Collected material:
**********
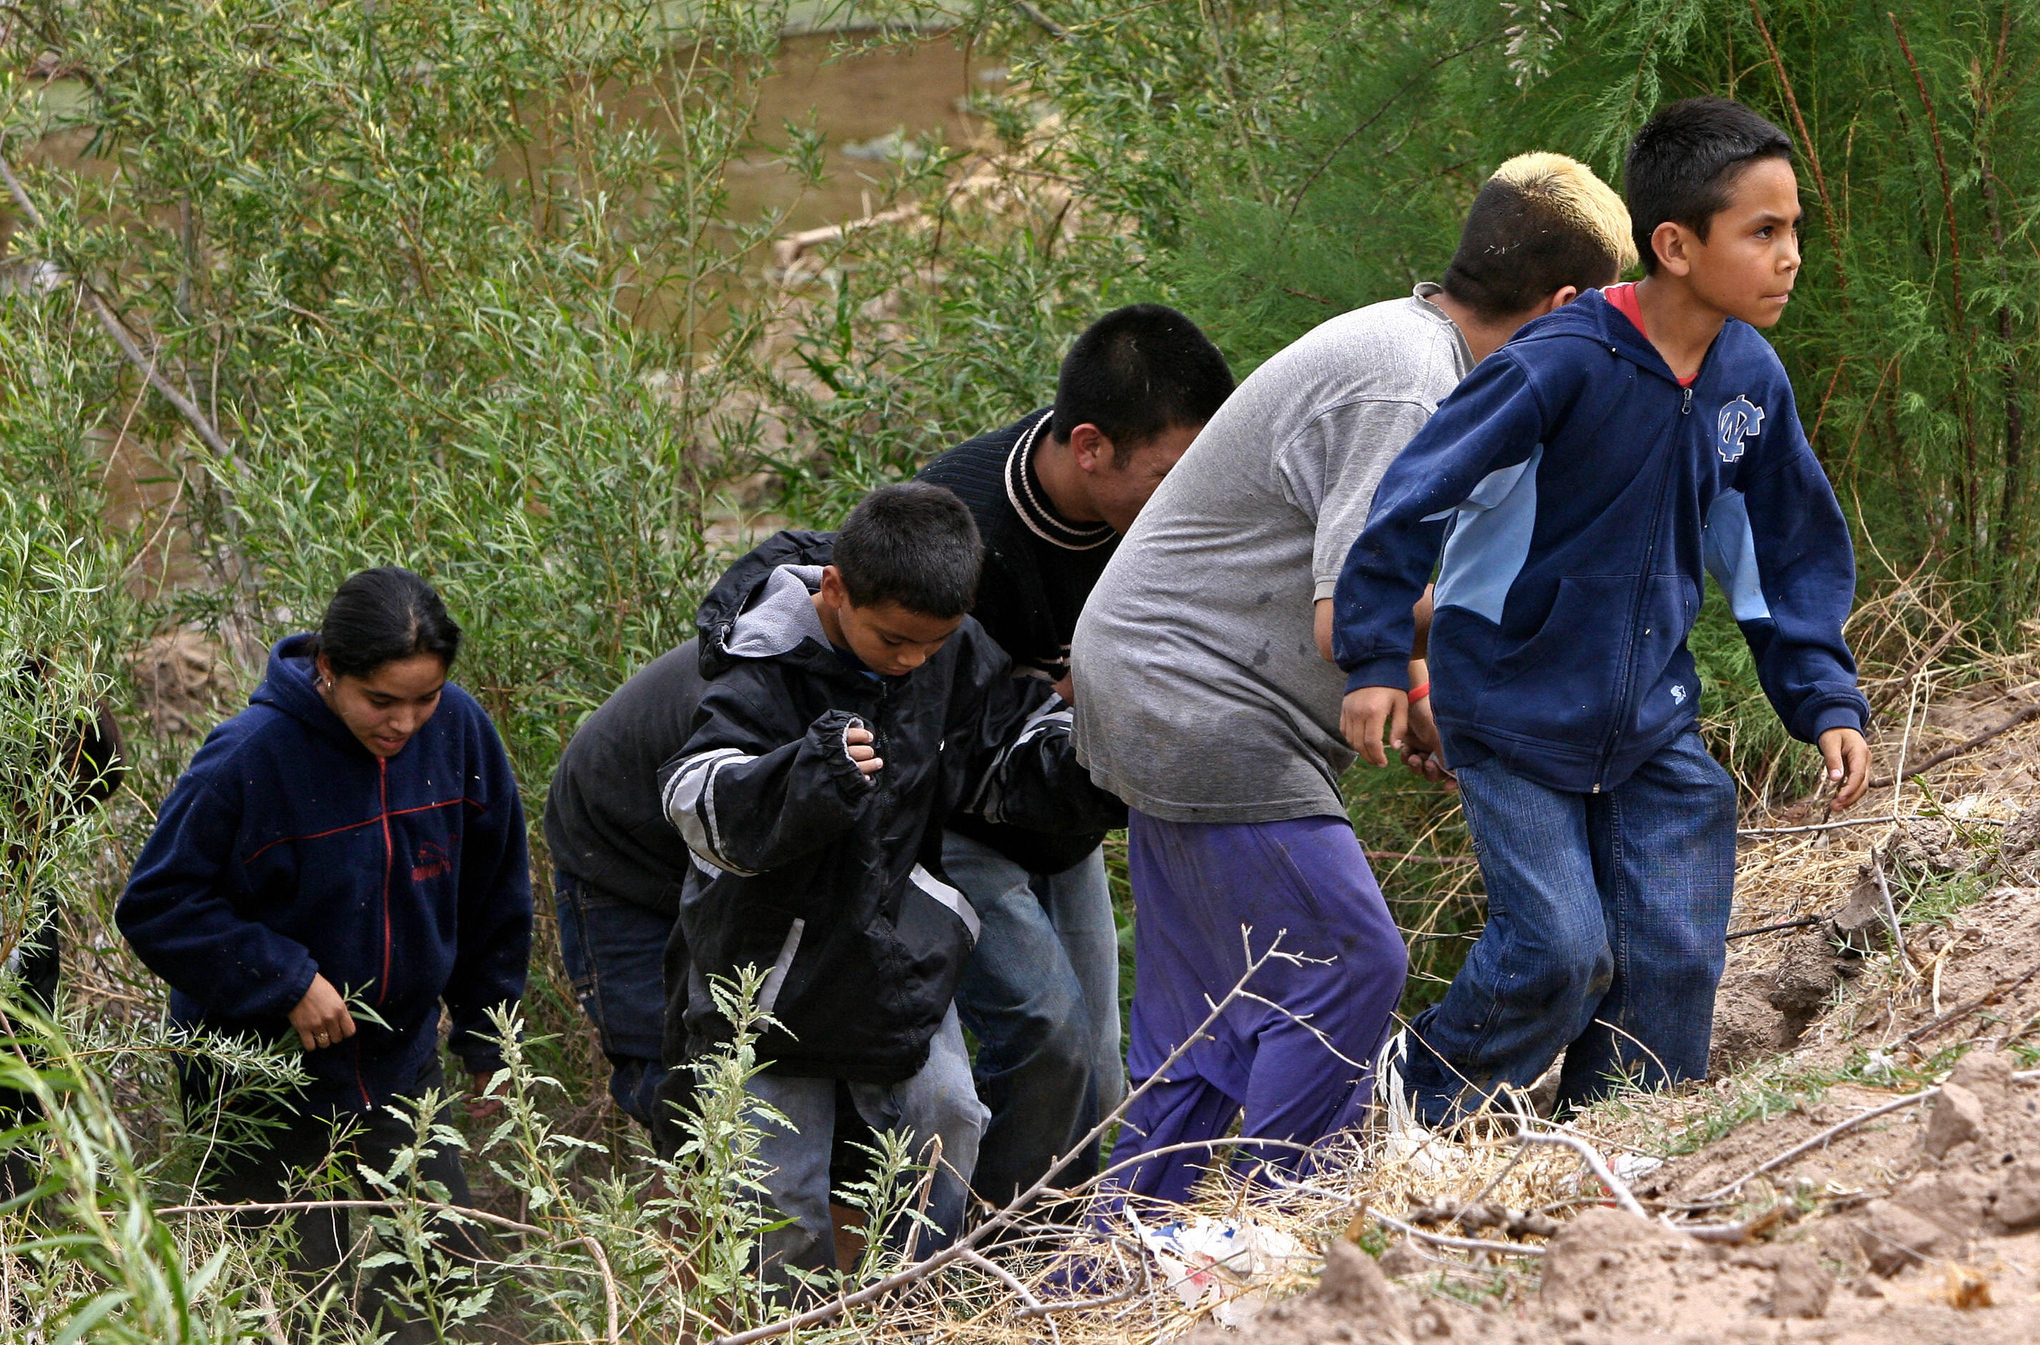 A Guatemalan family crossing the border from Mexico.
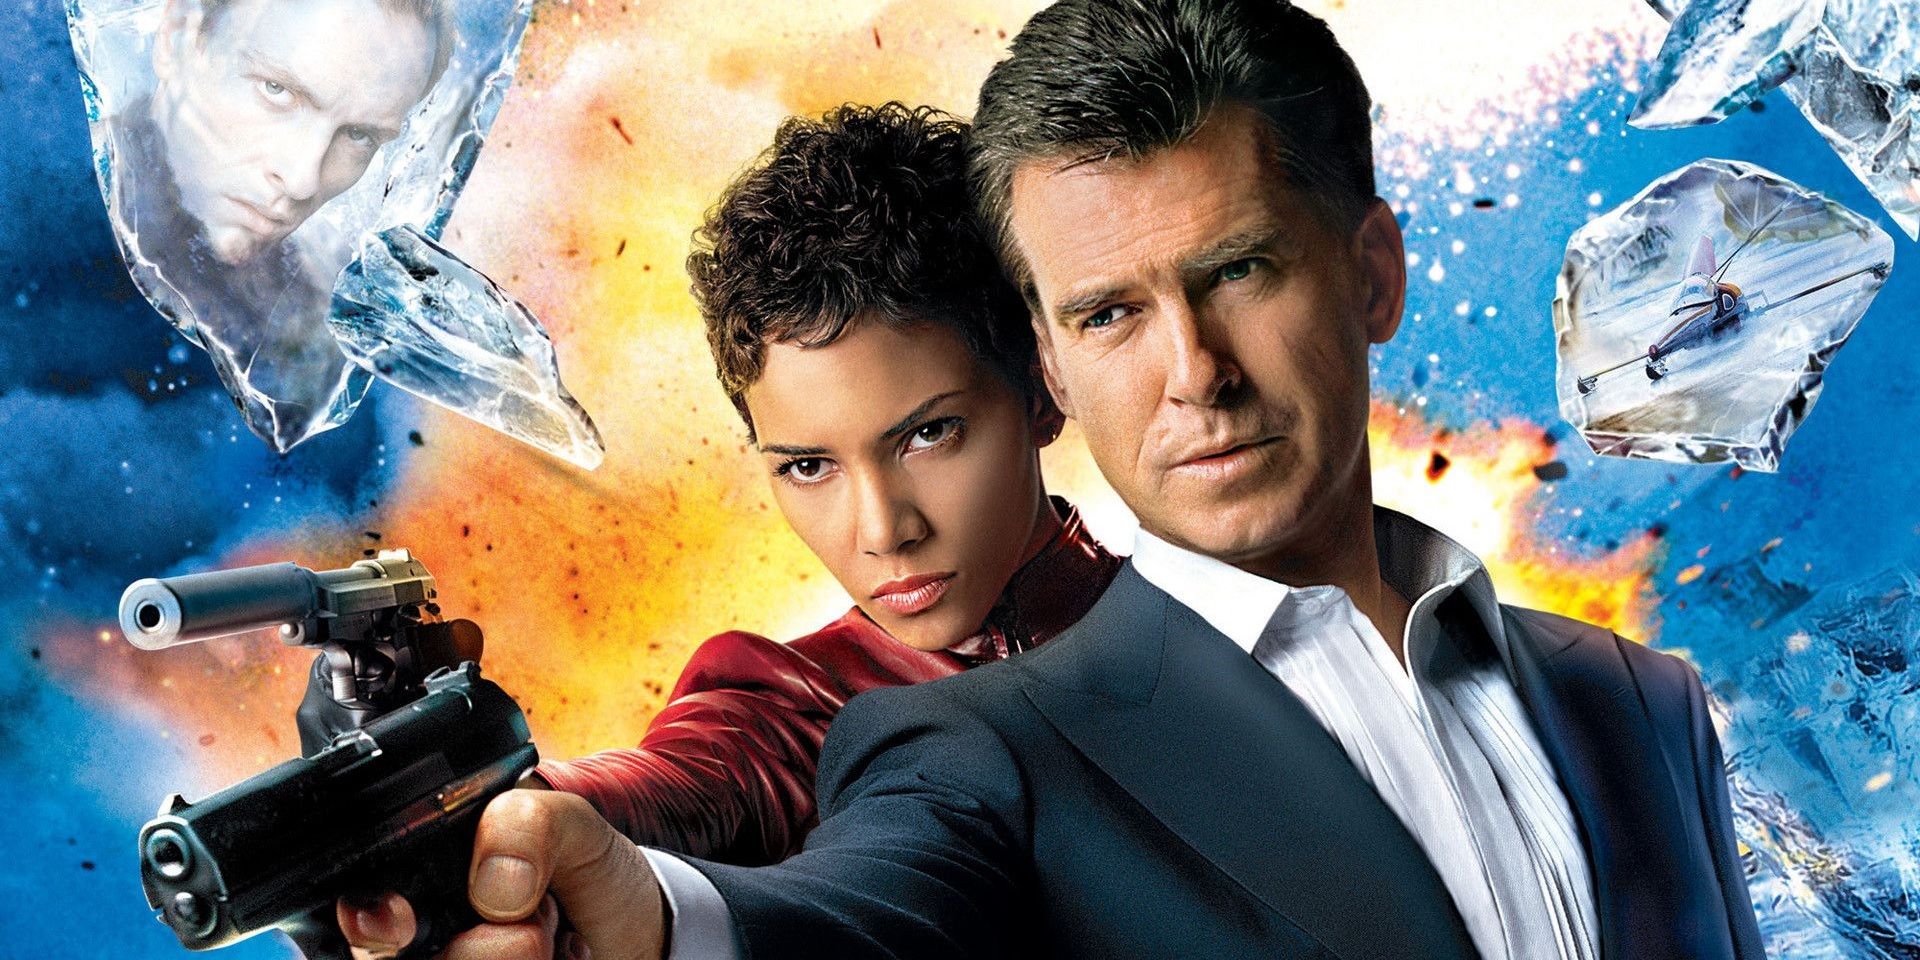 Pierce Brosnan and Halle Berry on the poster for Die Another Day
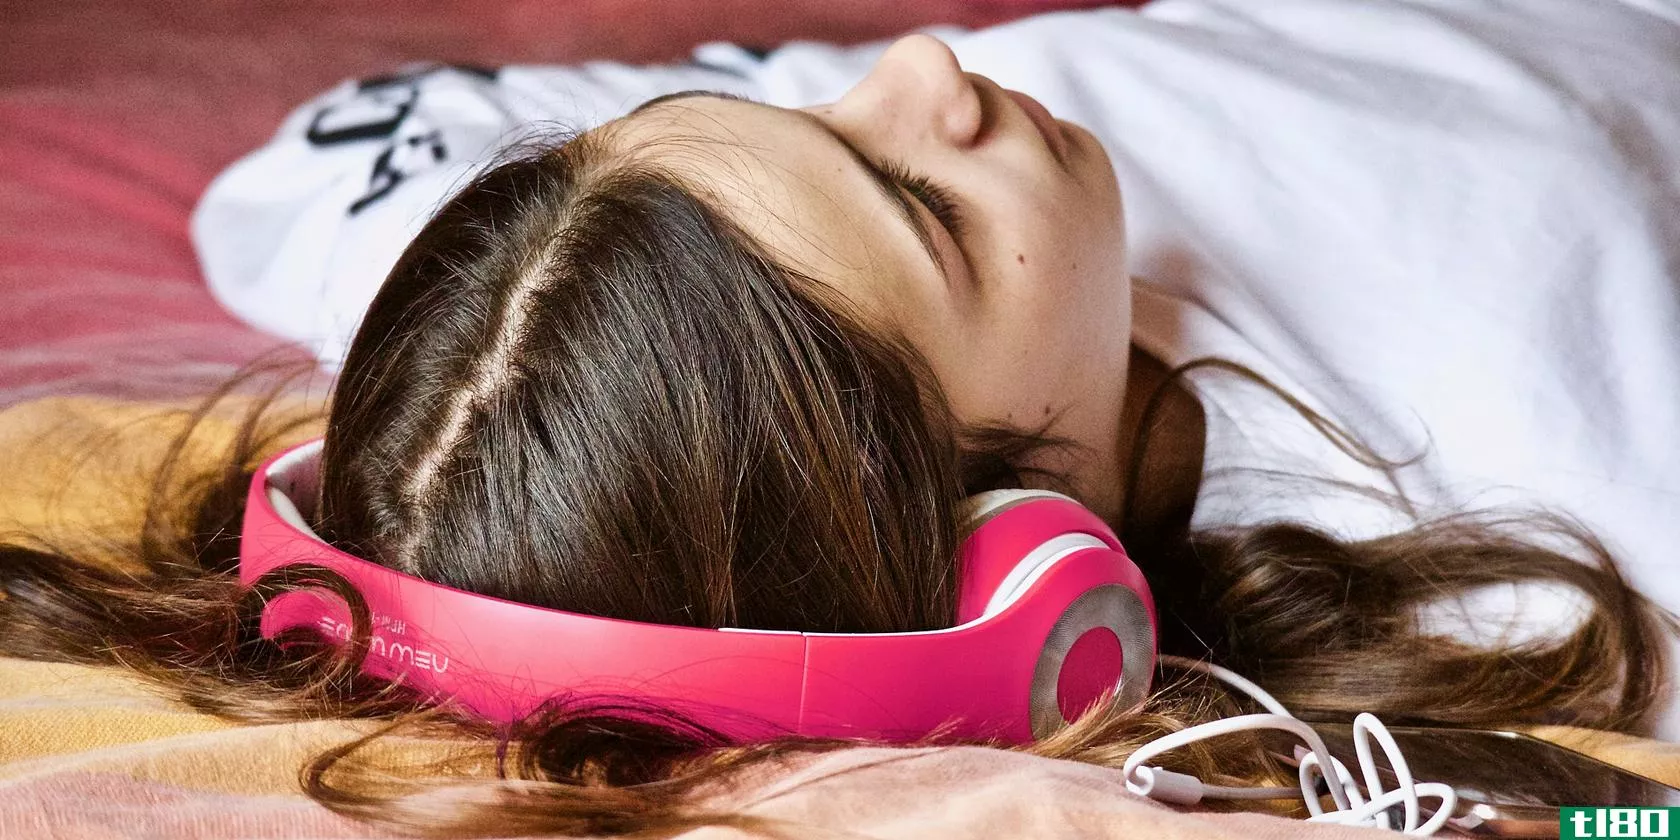 Girl laying on her back and wearing pink headphones
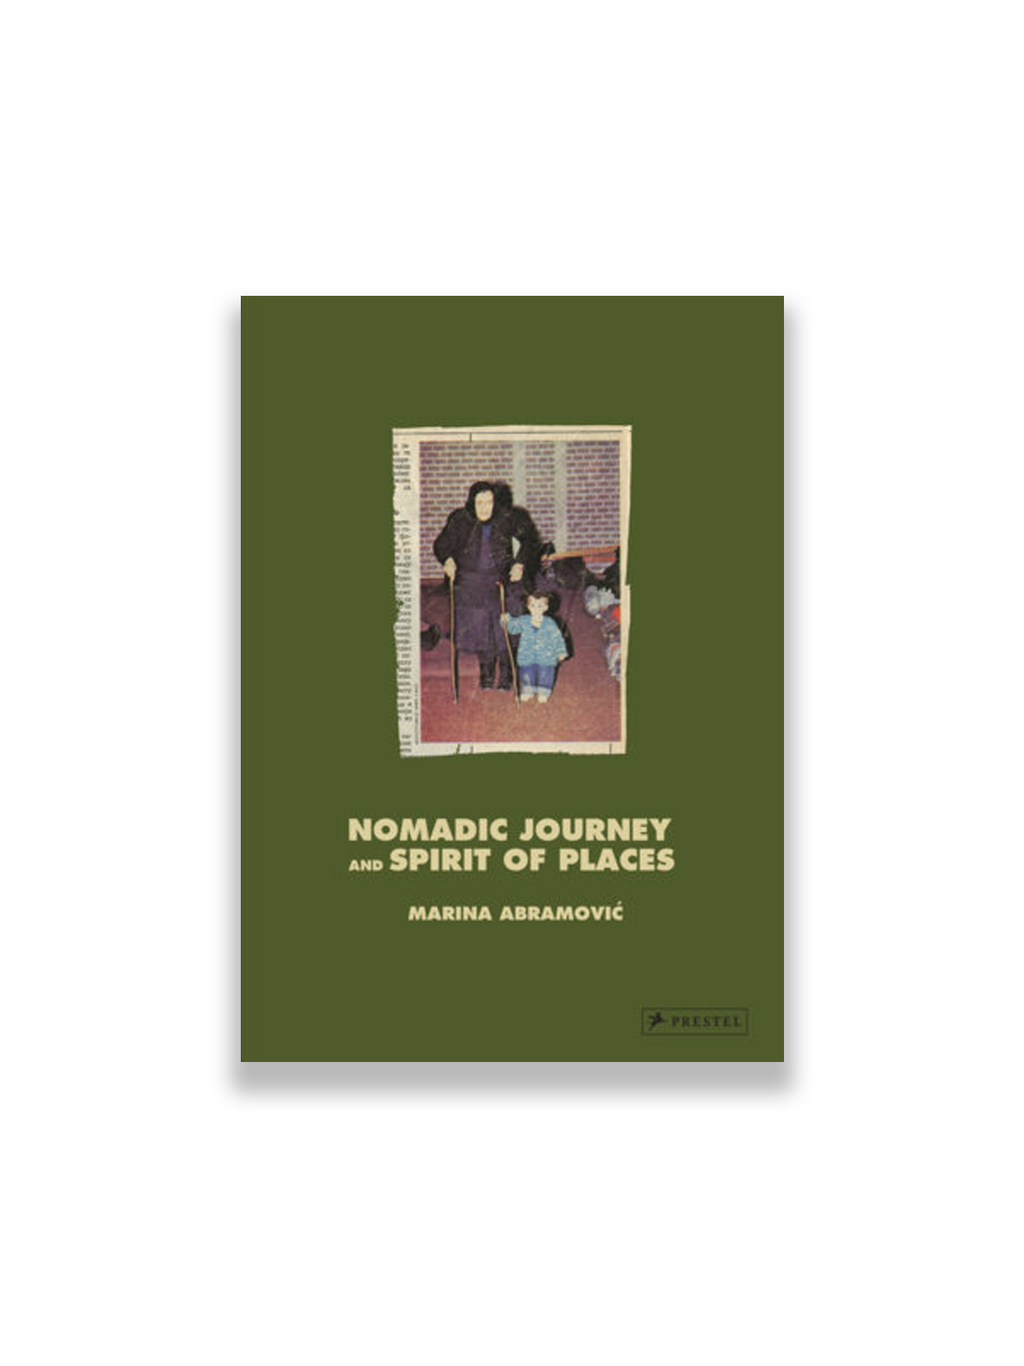 Nomadic Journey and Spirit of Places
**********
No pictures belong in the answer; copy all other parts of the listing exactly.

 A Guatemalan family crossing the border from Mexico.
 Pierce Brosnan and Halle Berry on the poster for Die Another Day
 Girl laying on her back and wearing pink headphones
 Nomadic Journey and Spirit of Places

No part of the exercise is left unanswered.